Intelligence
I’ve covered Apple’s work in machine learning and on-device processing over the years in my iOS and iPadOS reviews, but never as a standalone ‘pillar’ of the operating systems. The broader landscape of artificial intelligence has, however, rapidly changed in the past few years. Apple and other tech companies find themselves fighting a public perception battle against upstarts that, for better or worse, have shifted the narrative toward large language models and assistants that are far smarter than tools we’ve seen before.
For this reason, I find it necessary (and timely) to start covering Apple’s efforts in system intelligence with the attention and focus that they deserve. And, I’ll also share my (potentially) contrarian opinion: I think Apple’s machine learning-based tools are smarter, more practical for most people, and more impactful than a lot of tech journalists give them credit for.
I’m not saying that Apple has a version of Siri as impressive at fetching results as ChatGPT on their hands yet. I hope that will happen at some point, but that’s not where iOS and iPadOS are today. What I’m saying is that while a lot of us are obsessed with the new wave of chat bots, Apple has been shipping intelligent features that permeate an entire operating system and have practical benefits at scale. They may not be as flashy as asking ChatGPT to write a high school essay, but they cover a wide spectrum of commonly performed tasks – from searching the web to extracting information from photos and videos – that tons of people use but don’t make for interesting headlines on tech blogs.

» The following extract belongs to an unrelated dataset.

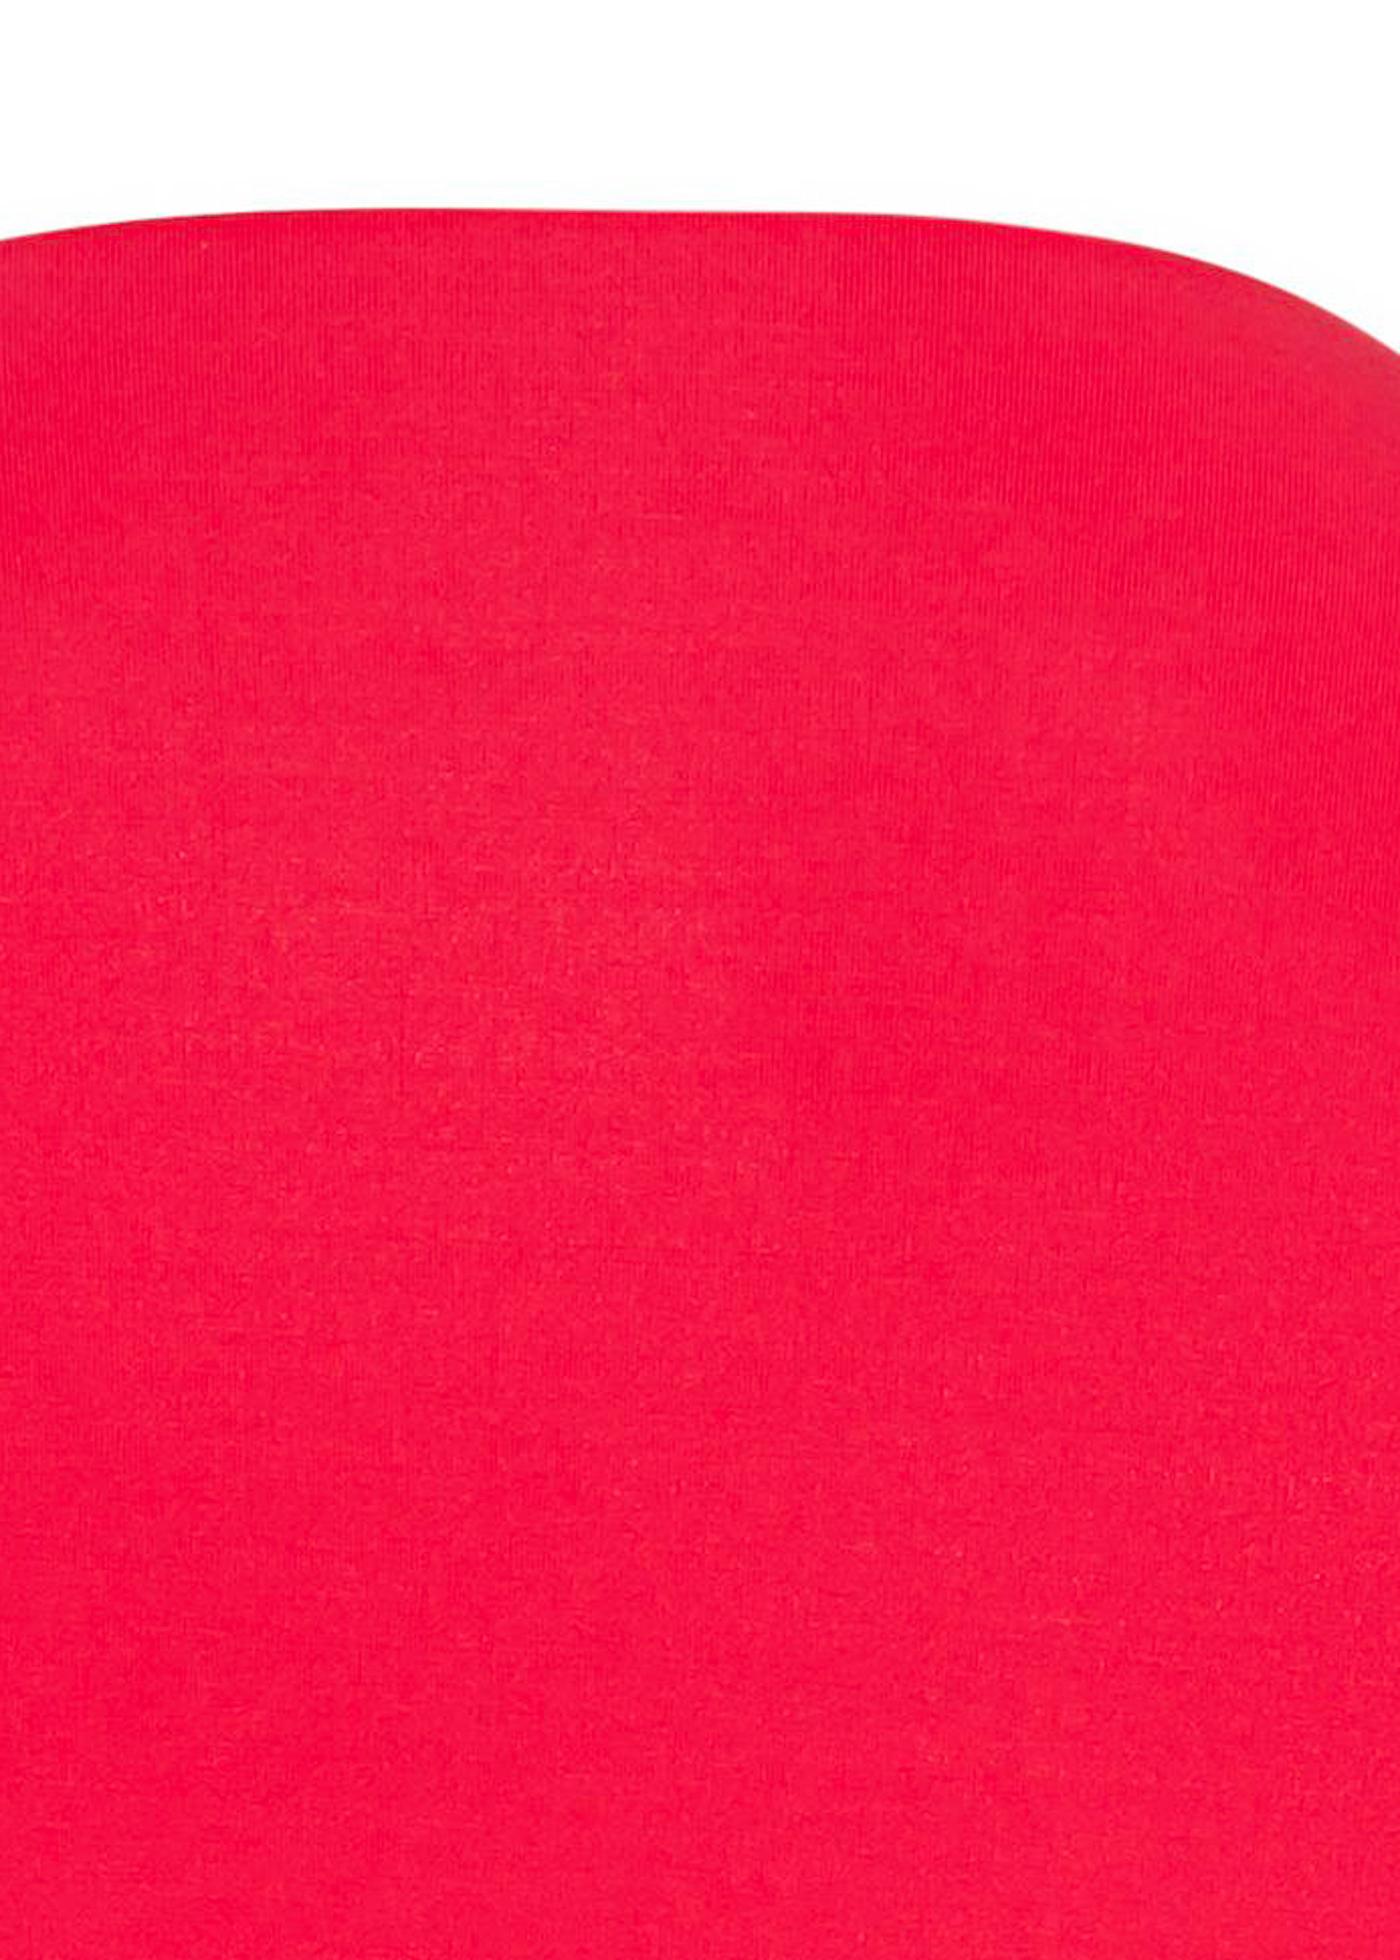 Aurora Pure Shirt image number 3

It’s essential to cover Apple’s evolution in this field, especially in preparation for visionOS and Vision Pro, which will build on the foundation established by the intelligent features of iOS and iPadOS. Let’s take a look.
Visual Look Up
Apple has been chipping away at Visual Look Up – the feature of the Photos app that lets you find out more details about objects and places contained in pictures – since its introduction with iOS 15 in 2021. In iOS 17, Visual Look Up is getting its biggest update yet thanks to a variety of newly supported content types and integration with videos.
My favorite addition to Visual Look Up is recognition of laundry care and auto symbols. We’ve all been there: you check the tag of a nice shirt you want to put in the laundry, and you don’t know what any of the symbols mean. Or you’re driving, and suddenly an icon on your dashboard turns on, and you have no idea what’s going on and whether that requires your immediate attention or not. Well, now iOS can recognize all of these ISO-standardized symbols and tell you what they indicate without having to install a third-party app from the App Store.

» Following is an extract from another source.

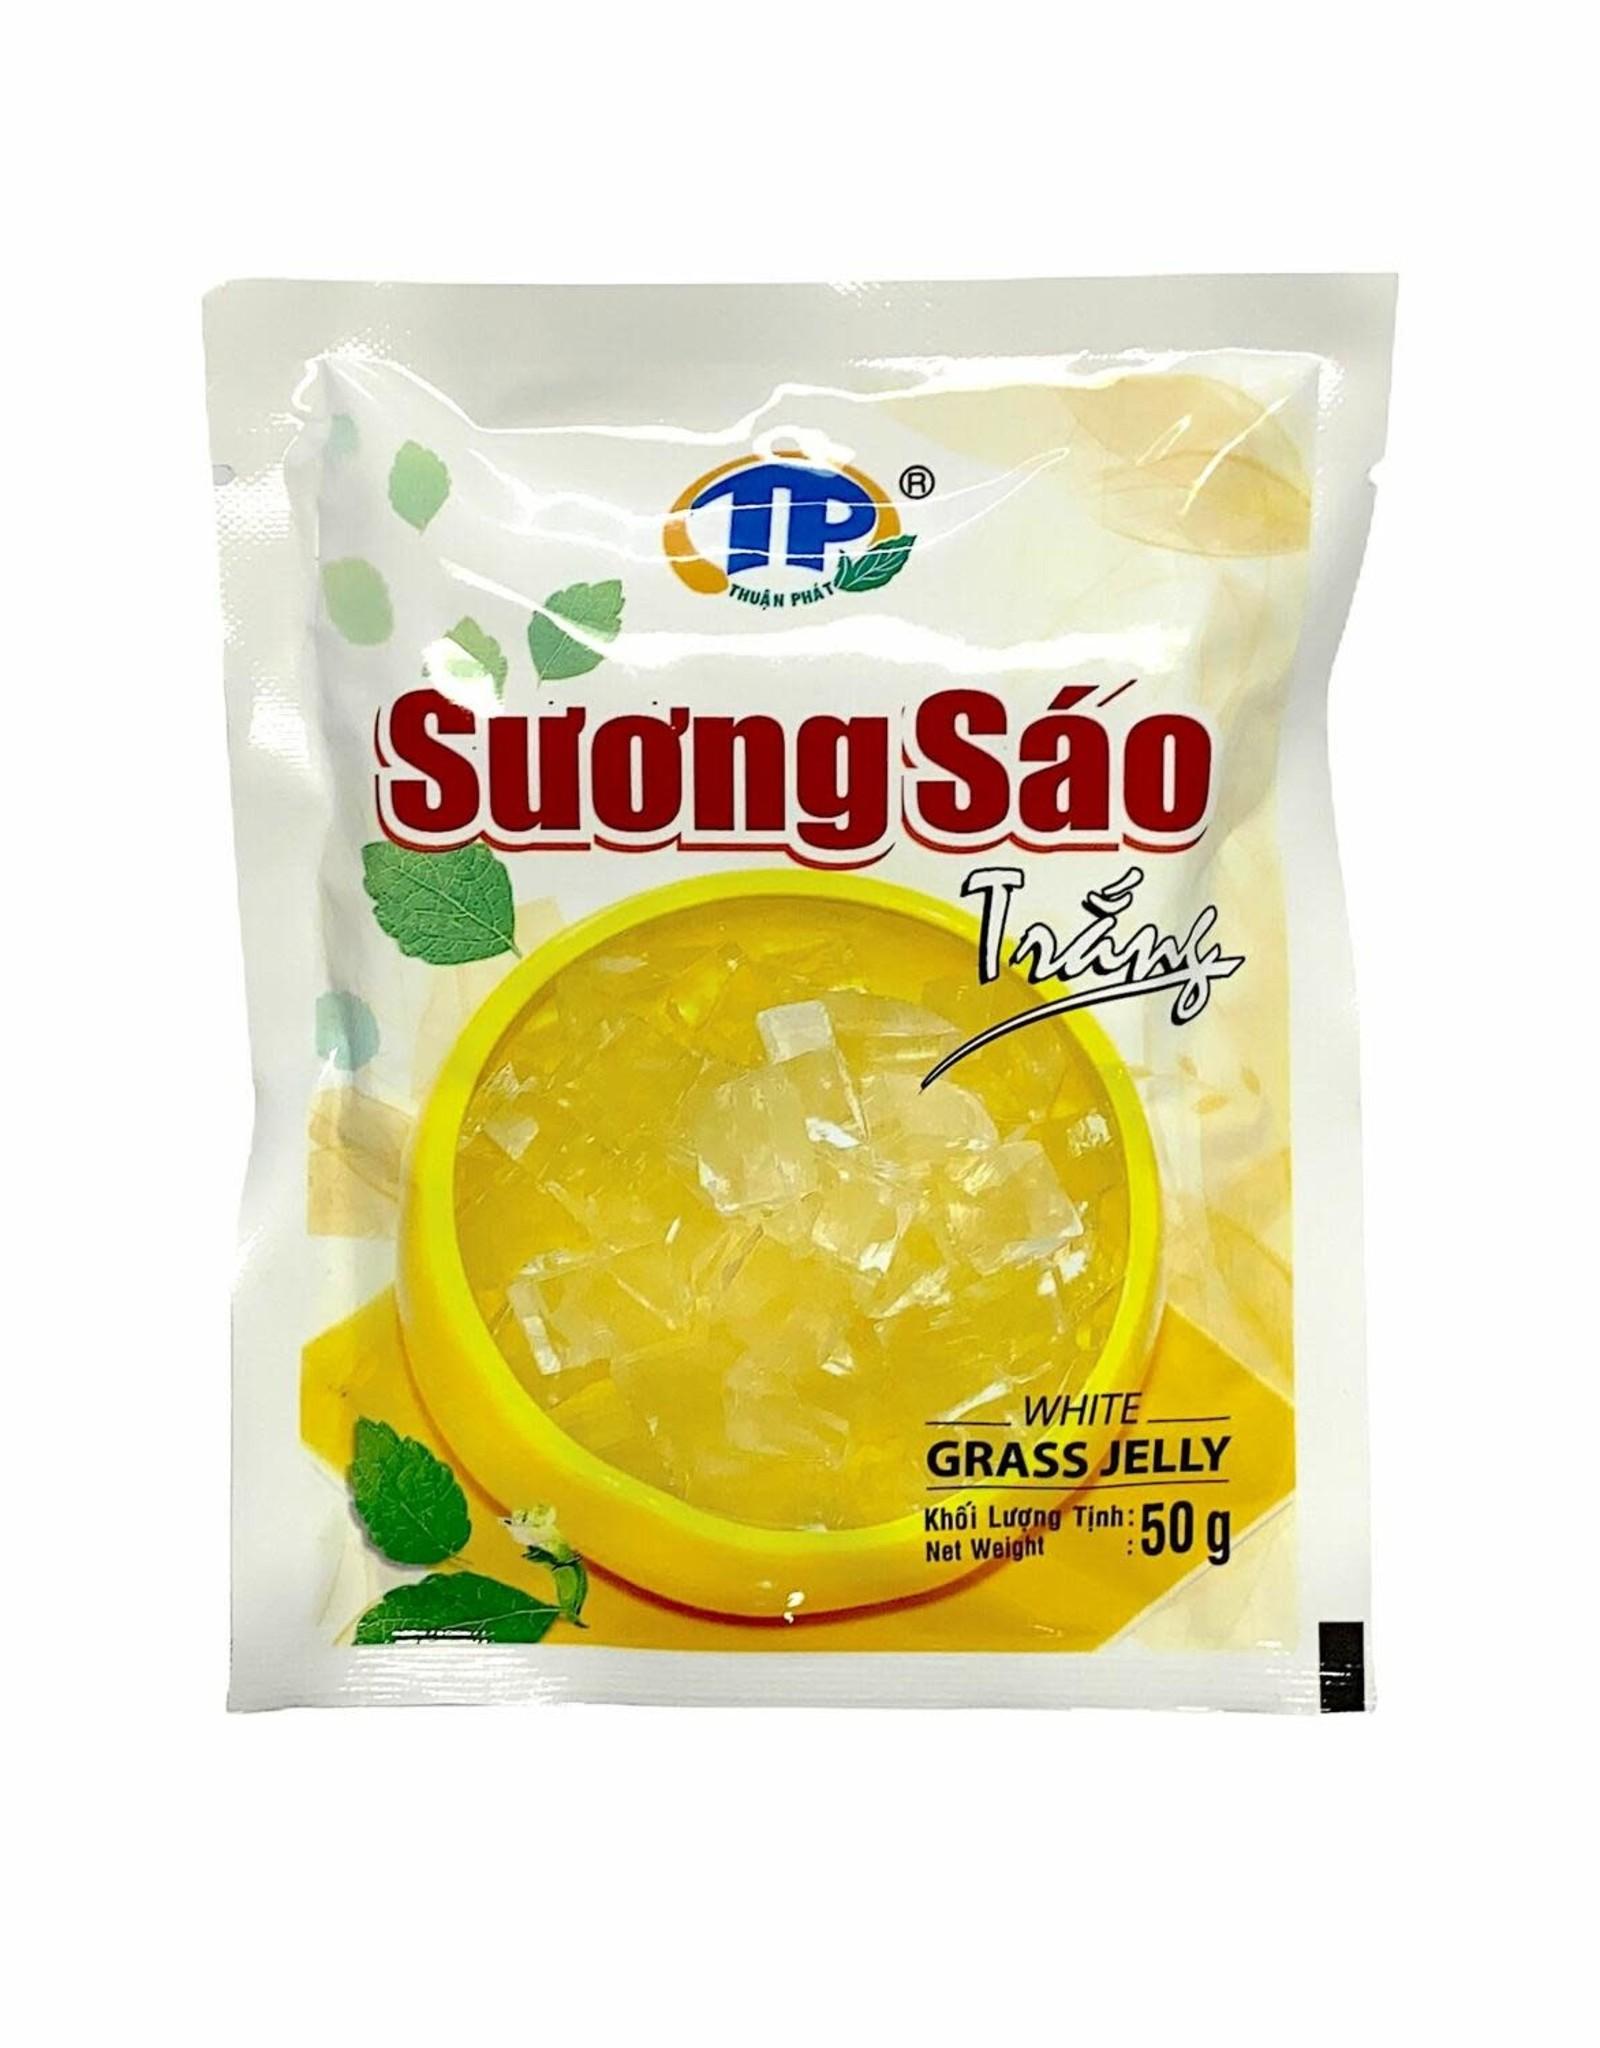 Thuan Phat Grass Jelly Powder WHITE/Suong Sao Trang 50g

Take a picture of a laundry tag or a symbol in your car, open the Photos app for iOS 17, and you’ll see a new icon at the bottom of the picture that tells you whether laundry care or auto symbols were found in the image. Tap on the ‘Look Up’ button, and you’ll see a summary of the symbols’ explanation with a link to open the original webpage on the ISO.org website.
When I say that Apple’s efforts in this field have useful, pragmatic effects, this is what I mean. Thanks to Visual Look Up in iOS 17, I discovered two things: that a very nice shirt I have is not supposed to be tumble-dryed (oops) and that my car’s passenger seat airbag symbol sometimes turns on to indicate a malfunction, which is something I need to have checked. iOS 17 does all this without any third-party app, without having to ask a chat bot, just by processing images on-device and using a neural network to understand their contents.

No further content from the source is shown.